This is the mail archive of the cygwin-apps mailing list for the Cygwin project.


Index Nav: [Date Index] [Subject Index] [Author Index] [Thread Index]
Message Nav: [Date Prev] [Date Next] [Thread Prev] [Thread Next]
Other format: [Raw text]

Re: ITP: rxvt-unicode-X


I have now succeeded in finishing my Unicode support hook for rxvt on 
cygwin (almost, as far as Unicode operation is concerned).
There were some more obstacles to take which I will describe below in 
case anyone is interested :)

A few problems remain:
* If I start rxvt in NON-Unicode mode, 8 bit input doesn't work. This 
  also happens with the unpatched rxvt-unicode 6.0 (compiled from the 
  source archive), but it works in Charles' package, so I would hope 
  that the patch is applicable to the package without injecting this 
  error.
* The wchar_t type on cygwin is only "unsigned short", raising a minor 
  problem with handling Unicode characters beyond 16 bit; my patch is 
  now mapping the output to the Unicode replacement character U+FFFD.
  Substituting a sufficiently wide type might work but would require 
  more subtle modifications to the code.
* Charles pointed out that an application can use setlocale multiple 
  times, switching encoding dynamically, and that rxvt actually does 
  that (although I didn't understand for which purpose). Anyway, 
  a proper substitution of setlocale that mimics this behaviour is 
  still missing in my patch library.
* Suspected remaining handling bug in 'draw_string' as described below.
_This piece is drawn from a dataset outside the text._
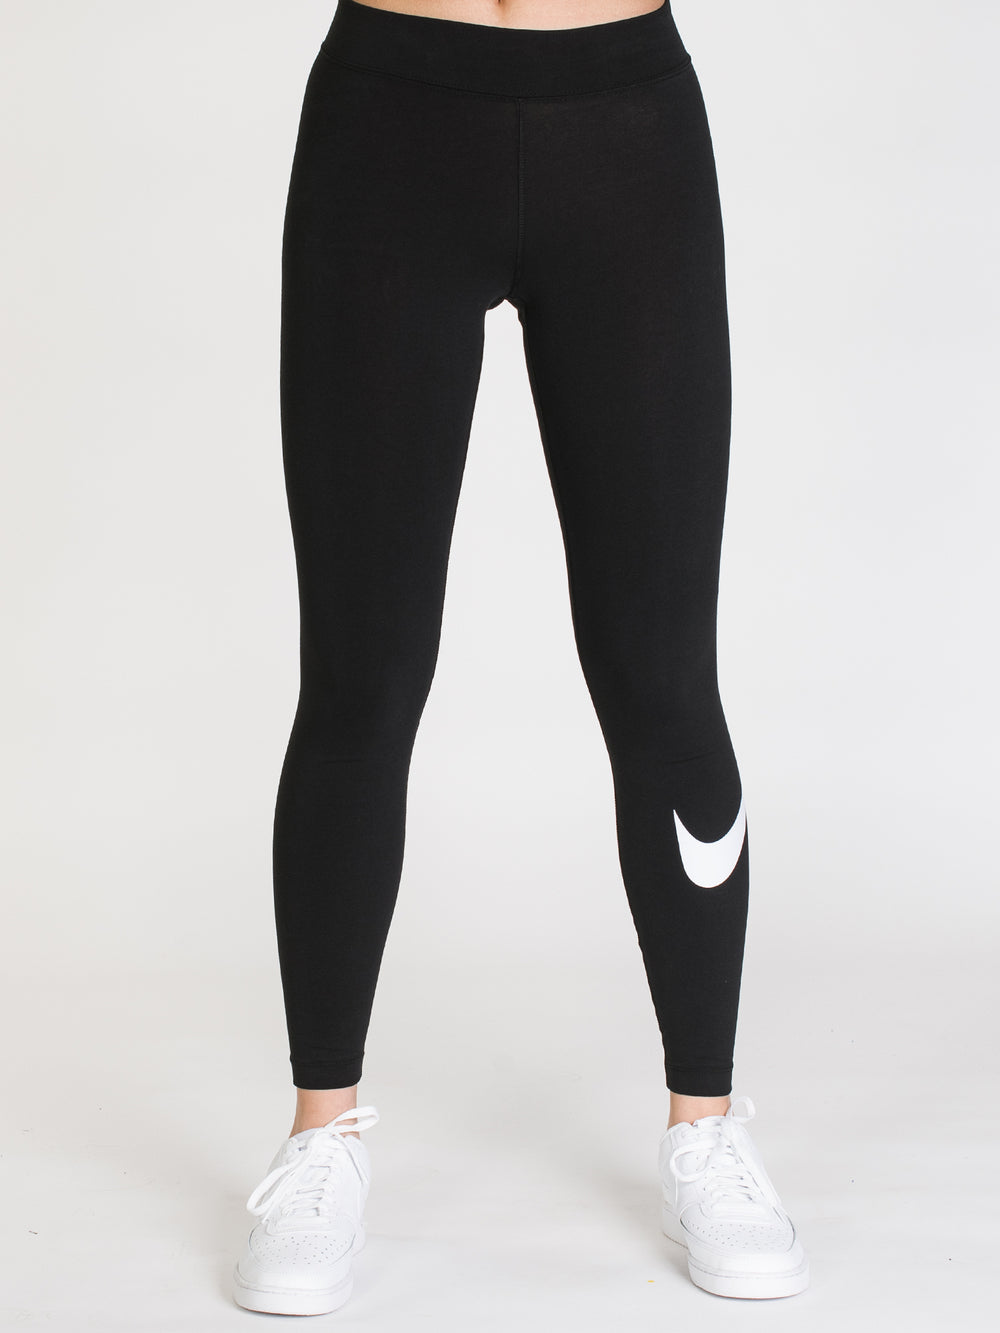 Nike Womens Running Leggings 3/4 Sportswear Gym Bottom Activewear Black S M  L XL

To apply the patch, please unzip the uwc.zip archive in the rxvt 
src subdirectory. Then invoke the uwc script which applies the patch 
generically, by substituting the respective function names in the 
source files. The final "return NOCHAR" fix described below still has 
to be applied manually, sorry.
The patch can be downloaded from <http://towo.net/mined/cygwin/uwc.zip>

Thomas


------------------------------------------------------------------------
Now about the problems I had:
* First, I had to remove one more bug in my wide character replacement 
  functions in order to avoid an occasional crash. Alright.
* Then, Unicode input still would not work. I found that indeed I had 
  overlooked one function to be replaced which is XwcLookupString.
  The code in rxvt (command.C) has an alternative invocation of 
  Xutf8LookupString which is commented "// currently disabled, doesn't 
  seem to work, nor is useful".
  It turns out that it is indeed very useful in making input work; the 
  reason the disabled rxvt code could not work is that the return 
  values are not handled properly.
* Finally, there was some occasional weird display garbage remaining 
  which I am describing below in some detail because there is some 
  really buggy rxvt code involved.

When displaying a long string to the screen it may happen that 
rxvt splits a single UTF-8 character into subsequent fills of some 
internal buffer. (I could not observe this on Linux, however, where 
the buffer seems to be chosen always long enough to fit in the complete 
output, whereas on cygwin it seems to have a maximum length of 257 bytes.)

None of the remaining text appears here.